C. A Recurrence Relation for the Abundancy Index

Fix a prime p, and let k be a positive integer.

Write Sigma(p^k) = 1 + p + p^2 + ... + p^(k - 1) + p^k as:

Sigma(p^k) = (1 + p + p^2 + ... + p^(k - 1)) + p^k

Thus: Sigma(p^k) = Sigma(p^(k - 1)) + p^k

Consequently, F(p, k) = Sigma(p^k) satisfies the recurrence relation:

(!) F(k) = F(k - 1) + g(k)      (note: F(k) = F(p, k) -- we omit p because it is fixed)

where g(k) is the exponential function g(k) = p^k (where p is held constant).

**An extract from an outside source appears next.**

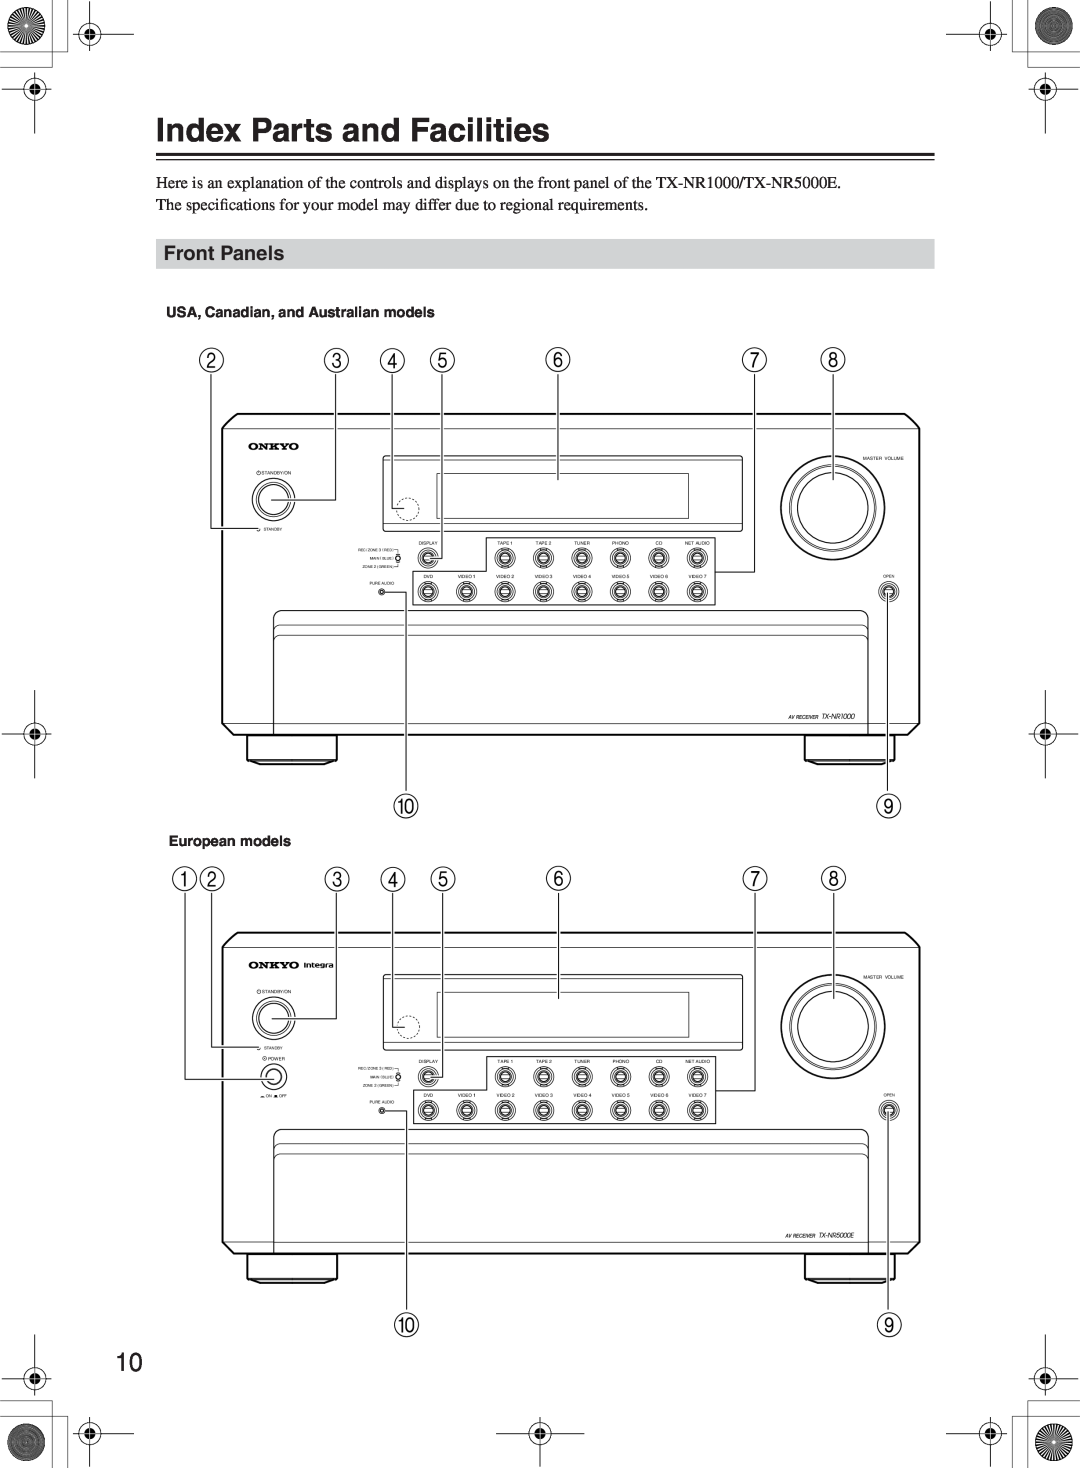 Onkyo TX-NR1000 instruction manual Index Parts and Facilities, Front Panels

The recurrence relation for F gives rise to an equivalent recurrence relation for f:

We have: Sigma(p^k) = Sigma(p^(k - 1)) + p^k

Divide through by (p^k): I(p^k) = (1/p)I(p^(k - 1)) + 1

Multiply through by (p): p*I(p^k) = I(p^(k - 1)) + p

Thus, the resulting recurrence relation for f(p, k) = I(p^k) is given by:

(@) p*f(k) = f(k - 1) + p (note: f(k) = f(p, k) -- we omit p because
it is fixed)

Since I(1) = 1, for consistency in our recurrence equations, we can set:

f(0) = 1

With this initial seed, our recursion goes thus:

p*f(1) = f(0) + p = 1 + p
f(1) = (1 + p)/p = (1/p) + 1

p*f(2) = f(1) + p = (1 + p)/p + p = (1 + p + p^2)/p
f(2) = (1 + p + p^2)/p^2 = (1/p)^2 + (1/p) + 1

p*f(3) = f(2) + p = (1 + p + p^2)/p^2 + p
= (1 + p + p^2 + p^3)/p^2
f(3) = (1 + p + p^2 + p^3)/p^3
= (1/p)^3 + (1/p)^2 + (1/p) + 1
...
...
...

Thus, roughly we have:

f(p, k) = Big-OH((1/p)^k)

when p is fixed.

That is, the abundancy index is a (rational) NON-polynomial function of k for constant p.  [Please see comment #2.]

Indeed, we have the closed form:

I(p^k) = (p^(k + 1) - 1)/((p^k)(p - 1))

where of course you will be able to recognize the familiar formula:

Sigma(p^k) = (p^(k + 1) - 1)/(p - 1)

which is derived via finite geometric series.